В моей крошечной комнате с простой мебелью тепло. Я сижу за маленьким письменным столом, орудия труда — бумага и карандаш — на месте. Писчую бумагу соответствующего формата мы должны нарезать сами из большого рулона коричневой упаковочной бумаги. С обеспечением канцелярскими принадлежностями дела после войны обстоят пока неважно. Однако строгие сроки разработок должны быть соблюдены, поэтому мы пользуемся этим единственным имеющимся сортом бумаги. Электрический свет не является чем-то само собой разумеющимся. Вначале энергоснабжение обеспечивает стоящая на берегу внутреннего озера электростанция, представляющая собой старенькую отапливающуюся дровами паровую турбину, которая вращает такой же старый электрогенератор.

В квартирах часто сильно падает напряжение. И немецкие семьи по-настоящему злятся, если вечером свет гаснет из-за перегруженности сети или аварии на электростанции. В последующем эти заботы первых лет были забыты. На электростанции был поставлен сильный дизельный двигатель, который вращал современный электрогенератор.

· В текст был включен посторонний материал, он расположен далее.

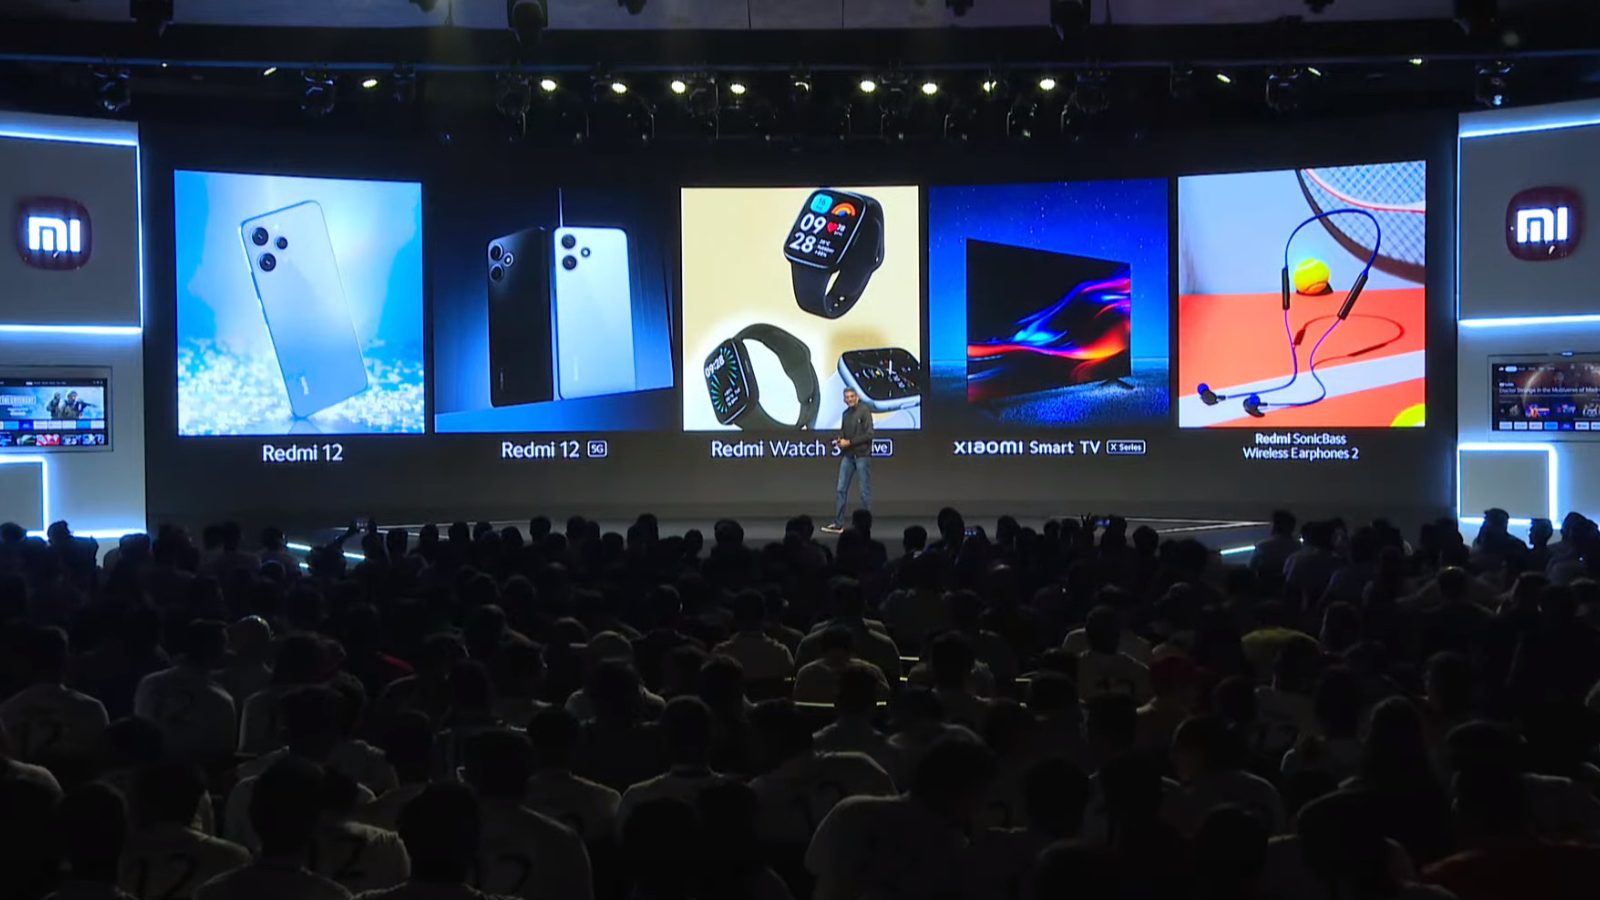 Встречайте четыре устройства Xiaomi, анонсированные сегодня в Индии

Поначалу мы не имели свободного времени и по воскресеньям. Дело в том, что ассортимент продуктов в государственном магазине на острове был скудный, и нам приходилось покупать дорогую провизию на рынке в райцентре. Ранним утром в воскресенье я с Лидди и другими коллегами тащился через замерзшее озеро в Осташков. Пустые санки танцевали на веревке. Наше путешествие длилось больше часа.

В Осташкове у крестьян был большой выбор масла, мяса, молока и яиц. Мы покупали все необходимое на следующую неделю. Такое вкусное молоко, как здесь, мы, жители западной Европы, вообще никогда не пробовали. Его не пропускали через сепаратор, и на его поверхности лежал слой светло-желтых сливок толщиной в палец.

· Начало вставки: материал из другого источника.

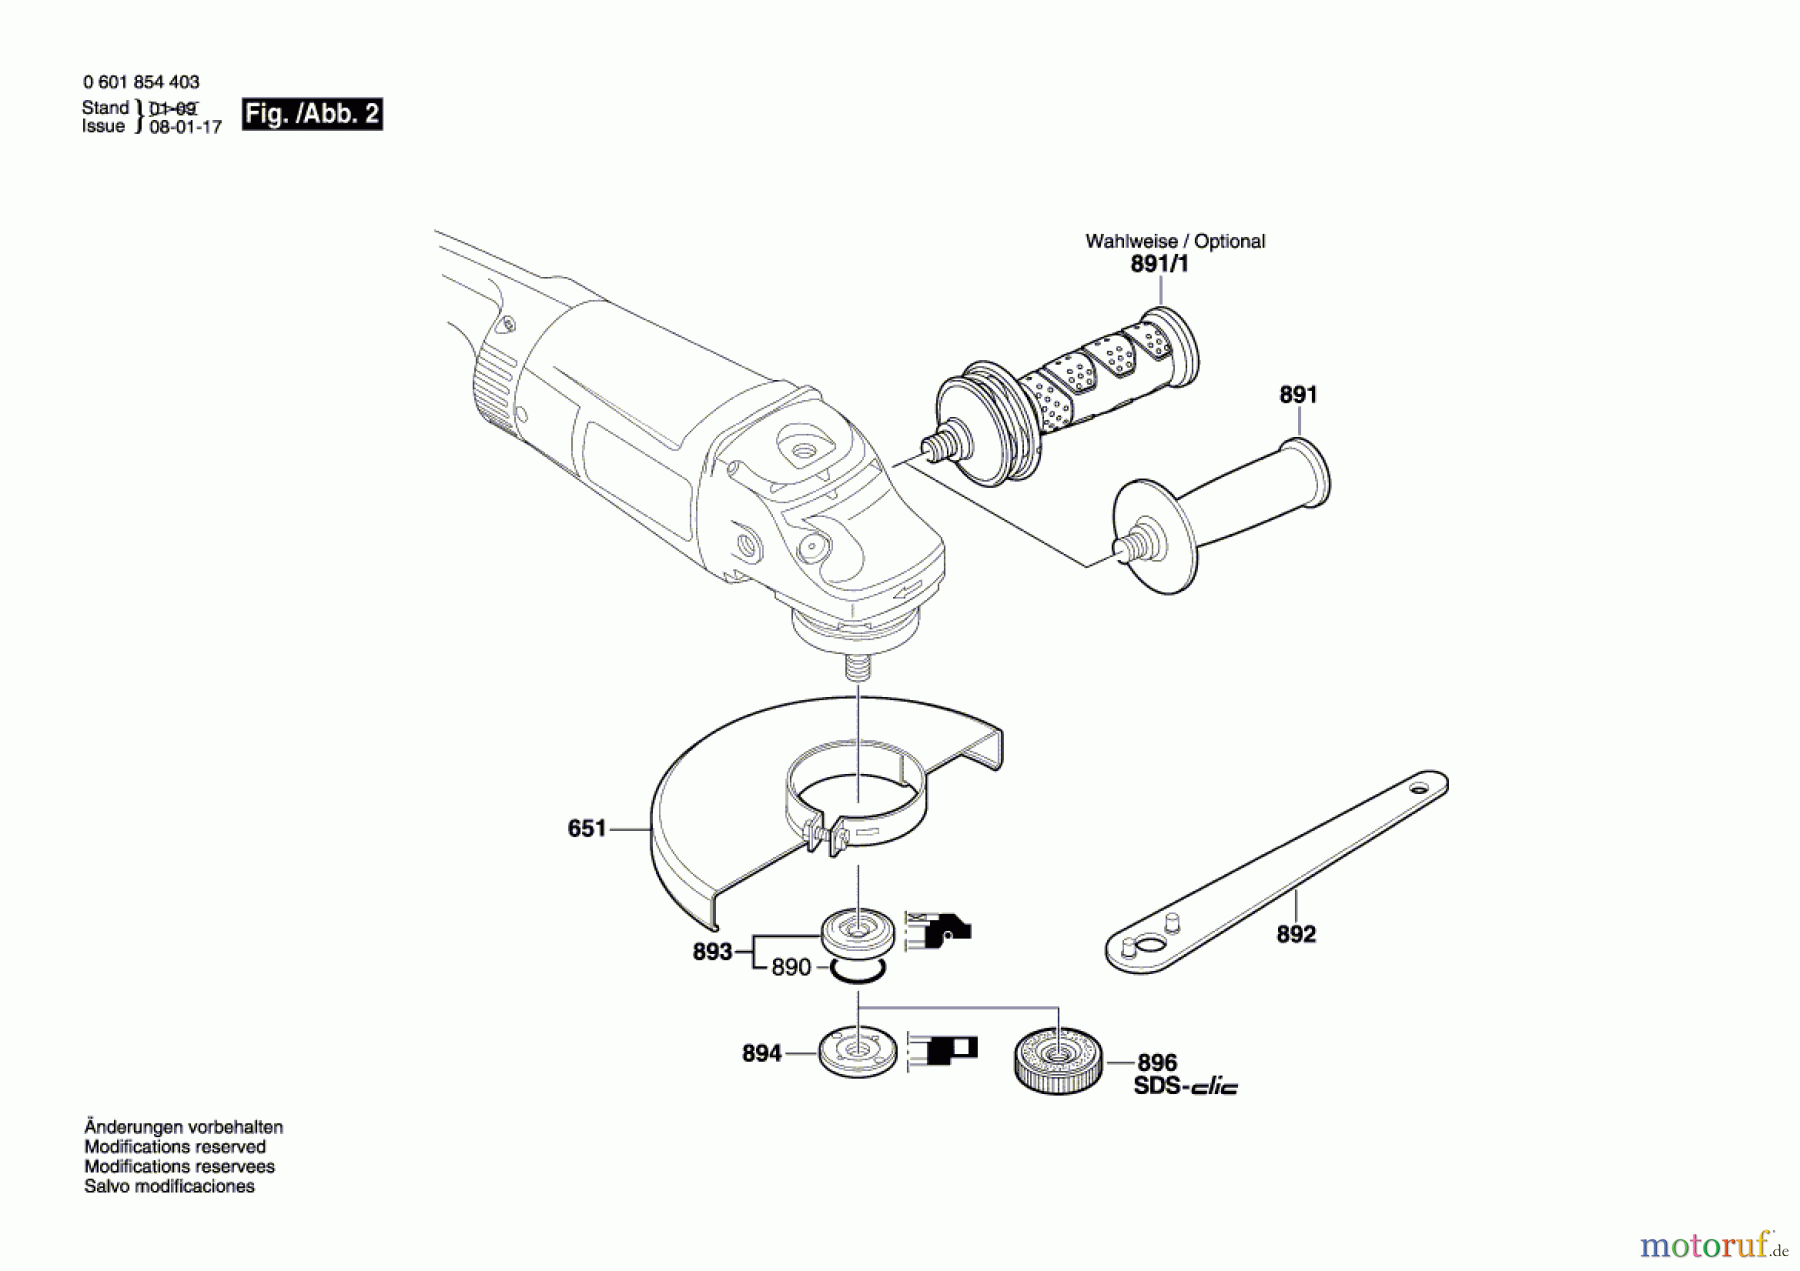  Bosch Werkzeug Winkelschleifer GWS 24-230 Seite 2

В середине дня караван с покупками возвращался назад. Все коллеги тащили тяжело нагруженные сани, и едва ли кто обращал внимание на изумительный пейзаж, окружавший нас. В этом ослепительно белом безмолвии я представлял себя идущим по аравийской пустыне. Церкви Осташкова и Нилова монастыря, построенные в восточном стиле, были тогда в моем воображении арабскими мечетями.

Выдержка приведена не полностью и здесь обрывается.